>>>

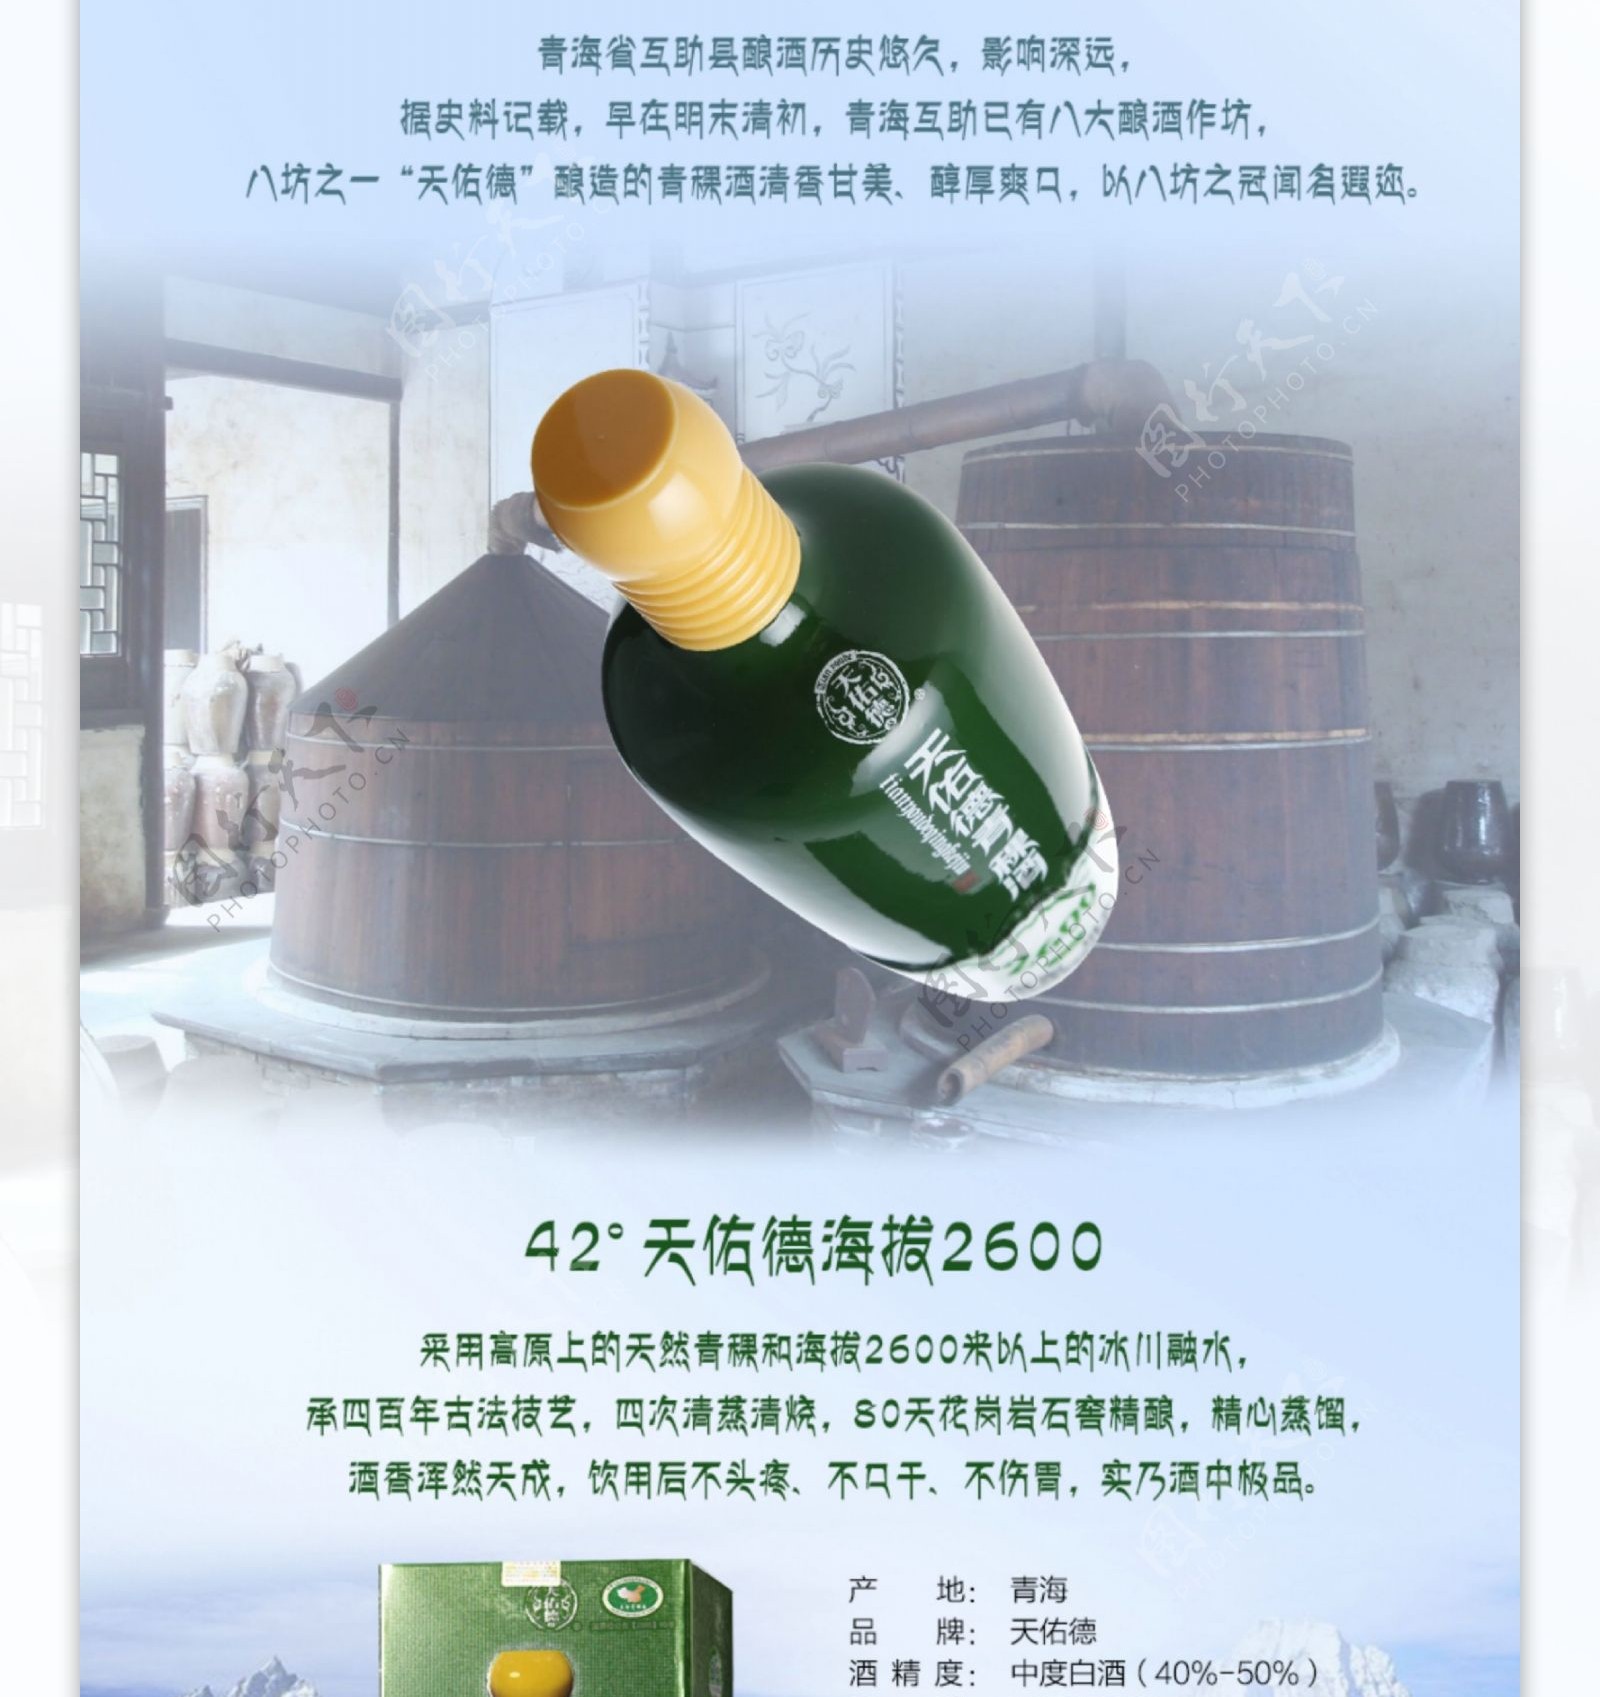 天猫详情页天佑德青稞酒2600
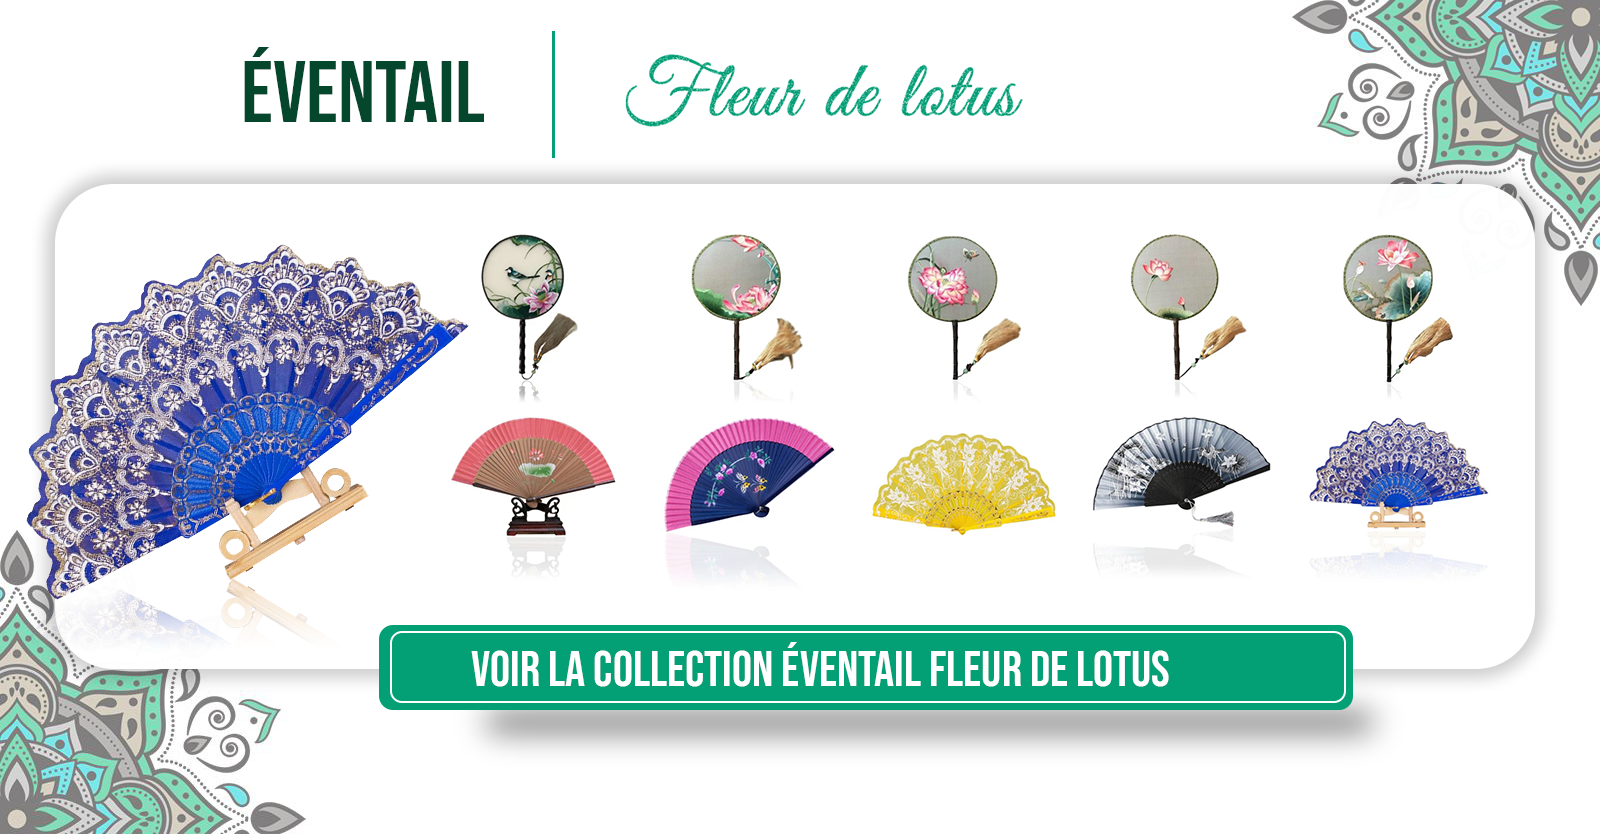 https://royal-lotus.fr/collections/eventail-fleur-de-lotus
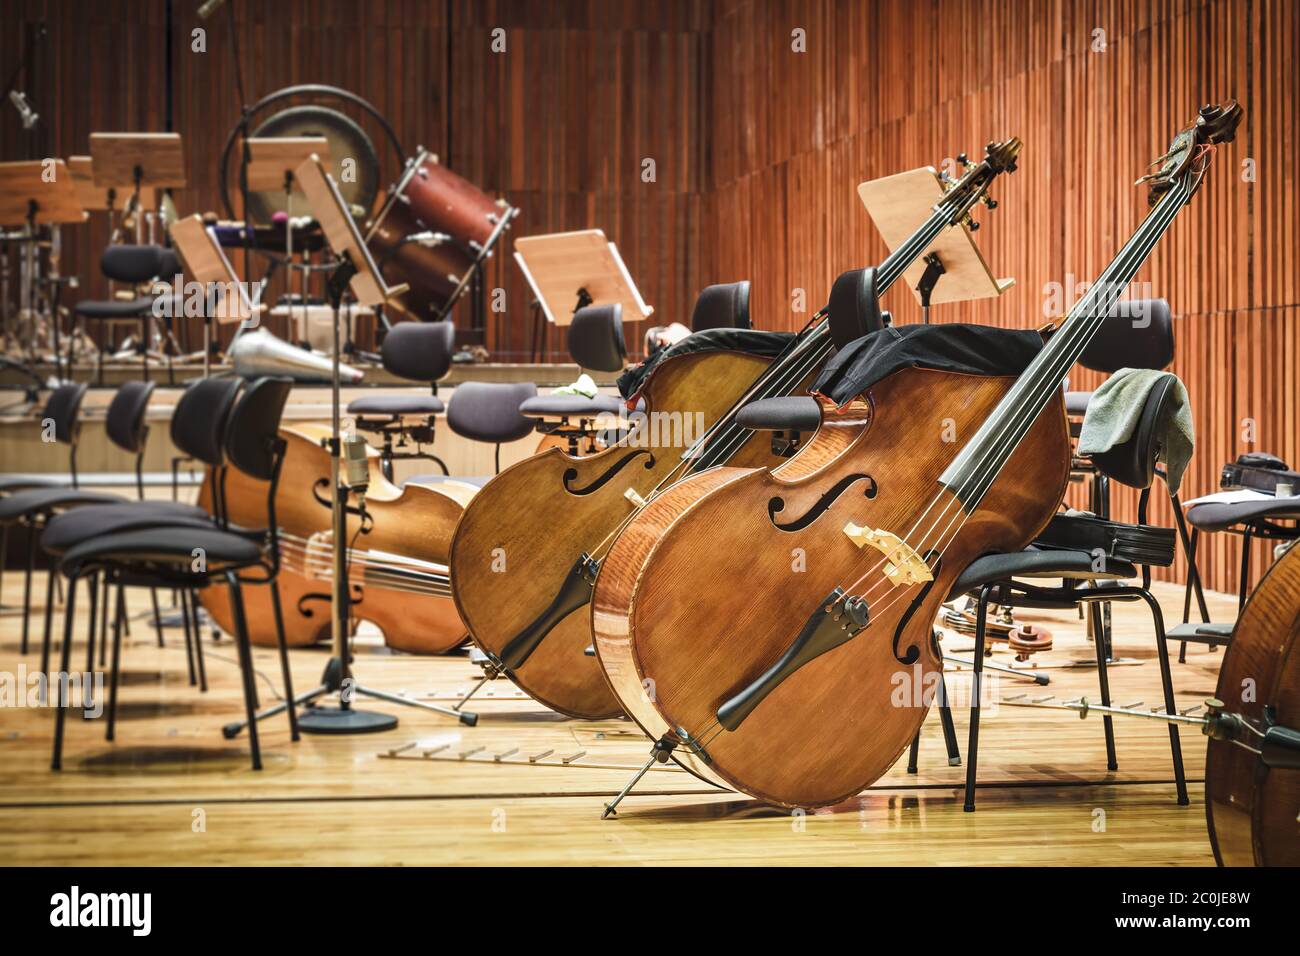 Instruments de musique violoncelle sur scène Banque D'Images

<<<

Your copy must start at the line that holds "https://royal-lotus.fr/collections/eventail-fleur-de-lotus" and end at the last line of the data, both included; it must contain no pictures.

(Result of this exercise)
 https://royal-lotus.fr/collections/eventail-fleur-de-lotus
 Instruments de musique violoncelle sur scène Banque D'Images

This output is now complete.